## EXERCISE REQUIREMENTS
Take the line that contains "Companion Planting Infographic (1)" as the first line and the final line of the records as the last; return exactly those lines and the lines between.

** SOURCE RECORDS follows **

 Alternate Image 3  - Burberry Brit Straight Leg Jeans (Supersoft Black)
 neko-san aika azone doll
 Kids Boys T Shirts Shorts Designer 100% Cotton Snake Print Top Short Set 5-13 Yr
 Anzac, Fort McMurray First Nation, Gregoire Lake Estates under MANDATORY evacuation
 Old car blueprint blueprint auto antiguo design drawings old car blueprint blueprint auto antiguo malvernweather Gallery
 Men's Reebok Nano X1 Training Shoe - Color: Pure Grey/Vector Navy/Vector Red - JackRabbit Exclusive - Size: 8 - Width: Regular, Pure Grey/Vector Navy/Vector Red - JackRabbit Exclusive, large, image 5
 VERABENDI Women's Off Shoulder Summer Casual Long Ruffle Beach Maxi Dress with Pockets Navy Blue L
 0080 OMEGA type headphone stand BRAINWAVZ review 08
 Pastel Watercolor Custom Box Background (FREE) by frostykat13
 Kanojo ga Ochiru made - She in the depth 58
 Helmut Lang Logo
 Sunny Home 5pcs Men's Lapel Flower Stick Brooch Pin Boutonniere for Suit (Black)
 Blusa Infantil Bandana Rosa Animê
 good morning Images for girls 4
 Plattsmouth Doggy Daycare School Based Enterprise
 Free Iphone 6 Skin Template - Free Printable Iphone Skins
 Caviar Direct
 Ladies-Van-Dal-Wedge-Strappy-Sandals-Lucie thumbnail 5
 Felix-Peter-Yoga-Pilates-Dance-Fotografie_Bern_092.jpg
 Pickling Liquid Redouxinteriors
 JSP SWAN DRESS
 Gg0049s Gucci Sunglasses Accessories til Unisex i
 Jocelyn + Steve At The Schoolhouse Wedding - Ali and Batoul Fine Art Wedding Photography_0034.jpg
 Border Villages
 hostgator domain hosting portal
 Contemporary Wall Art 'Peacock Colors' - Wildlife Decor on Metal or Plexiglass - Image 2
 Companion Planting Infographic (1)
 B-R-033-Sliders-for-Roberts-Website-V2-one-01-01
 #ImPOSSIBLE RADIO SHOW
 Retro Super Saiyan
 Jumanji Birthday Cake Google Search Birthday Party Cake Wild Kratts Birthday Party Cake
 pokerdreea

** End of SOURCE RECORDS **

## EXERCISE RESPONSE
 Companion Planting Infographic (1)
 B-R-033-Sliders-for-Roberts-Website-V2-one-01-01
 #ImPOSSIBLE RADIO SHOW
 Retro Super Saiyan
 Jumanji Birthday Cake Google Search Birthday Party Cake Wild Kratts Birthday Party Cake
 pokerdreea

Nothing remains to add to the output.